3.3 Fitting hyperplanes

For clarity of exposition, in this and next two sections, all data points are assumed to be in one n-cube, corresponding to \(c=1\) in the point-to-hypercube algorithm. The only difference between this and general case is that in the latter an n-cube normally contains a smaller number of data points.

With \(1\le l\le n\), fitting l hyperplanes \(\{(\mathbf{p}_j,d_j)\}\) to m data points \(\{\mathbf{x}_i\}\) is a constrained minimisation problem:

$$\begin{aligned} J_l=\min \sum _{j=1}^l\sum _{i=1}^m(\mathbf{x}_i'\mathbf{p}_j-d_j)^2\qquad \quad \text{ s.t. }\quad \mathbf{p}_j'\mathbf{p}_j=1,\quad j=1,2,\ldots ,l. \end{aligned}$$
(2)

As verified in Appendix A, (2) has the solution

$$\begin{aligned} (\mathbf{p}_j,d_j)=(\mathbf{v}_{n+1-j},\bar{\mathbf{x}}'\mathbf{v}_{n+1-j}),\quad j=1,\ldots ,l, \end{aligned}$$
(3)

where the normals are the last l vectors of \(\mathbf{V}\), coming from the singular value decomposition \(\bar{\mathbf{X}}=\mathbf{U} \mathbf{\Sigma }_x \mathbf{V}'\) with \(\mathbf{\Sigma }_x=\text{ diag }(\sigma _1,\sigma _2,\ldots ,\sigma _n)\), \(\sigma _n\ge 0\), and \(\sigma _i\ge \sigma _j\) for \(i<j\). With the fitted l hyperplanes, the least squares criterion in (2) reaches the minimum \(J_l=\sum _{j=1}^l\sigma _{n+1-j}^2\).

The hyperplanes in (3) are mutually perpendicular, and they all pass centroid \(\bar{\mathbf{x}}\). A point simultaneously on several hyperplanes means that it is on their intersection which is also a hyperplane. Cases \(l=n\) and \(l=n-1\) correspond to fitting a point and a straight line to \(\{\mathbf{x}_i\}\), respectively. Figure 2a and b illustrate fitting a plane to evenly sampled 3D cylindrical surface and Möbius strip respectively, and (c) fitting (the intersection of) two mutually perpendicular planes to a randomly sampled 3D straight line with additive noise.

Fig. 2
figure 2

Plane fitting to different objects in 3D space.

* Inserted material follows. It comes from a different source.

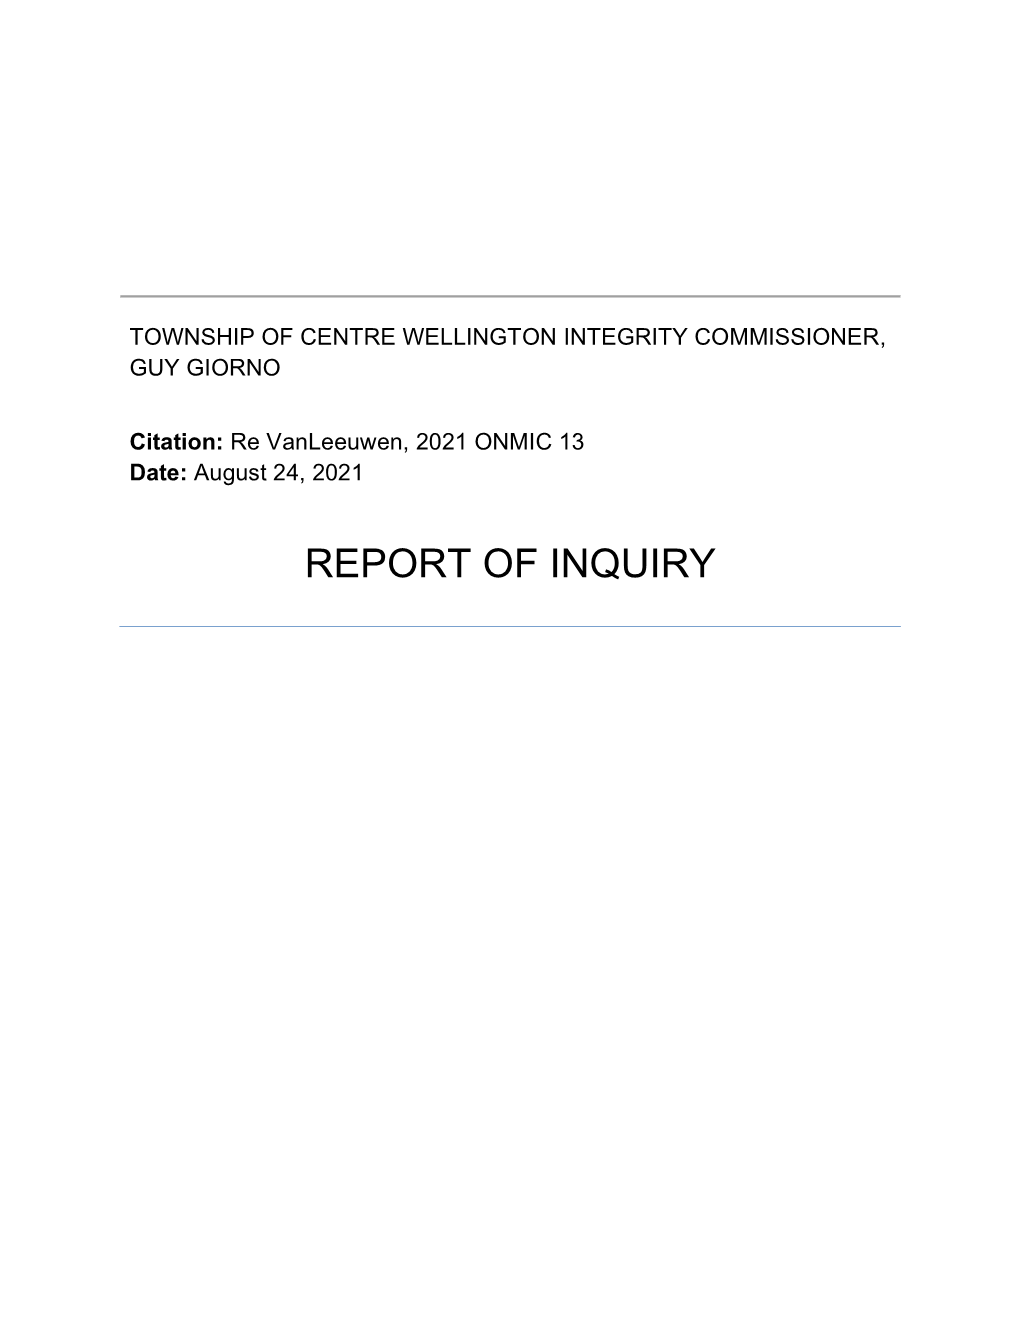 Report of Inquiry

In each of cases (a) and (b), a plane is fitted to \(30\times 30\) regularly sampled and noise-free points shown as the light strips on object’s surface. In case (c), a line (intersection of two mutually perpendicular planes) is fitted to randomly sampled noisy points shown as black dots of a 3D straight line

3.4 Affine linear manifold

As verified in Appendix B, the intersection of the hyperplanes in (3) can be described by its parametric equation or parametric inverse given, respectively, by

$$\begin{aligned} \mathbf{x} = \bar{\mathbf{x}}+\mathbf{V}_{n-l} \mathbf{y},\qquad \mathbf{y}=\mathbf{V}_{n-l}'(\mathbf{x} - \bar{\mathbf{x}}), \end{aligned}$$
(4)

where \(\mathbf{x}\in {{\varvec{\mathcal {R}}}}^n\) represents an arbitrary point on the intersection, \(\mathbf{y}\in {{\varvec{\mathcal {R}}}}^{n-l}\) is its low-dimensional correspondence, and \(\mathbf{V}_{n-l}\) consists of the first \(n-l\) vectors of \(\mathbf{V}\). The parametric equation also defines an affine linear manifold which is an \((n-l)\)D subspace complementing the lD subspace spanned by the hyperplane normals. An arbitrary point belonging to the manifold is represented by \(\mathbf{x}\) and \(\mathbf{y}\) as its coordinates, respectively, in the global frame, and in the frame originated at \(\bar{\mathbf{x}}\) with the vectors in \(\mathbf{V}_{n-1}\) as its axes.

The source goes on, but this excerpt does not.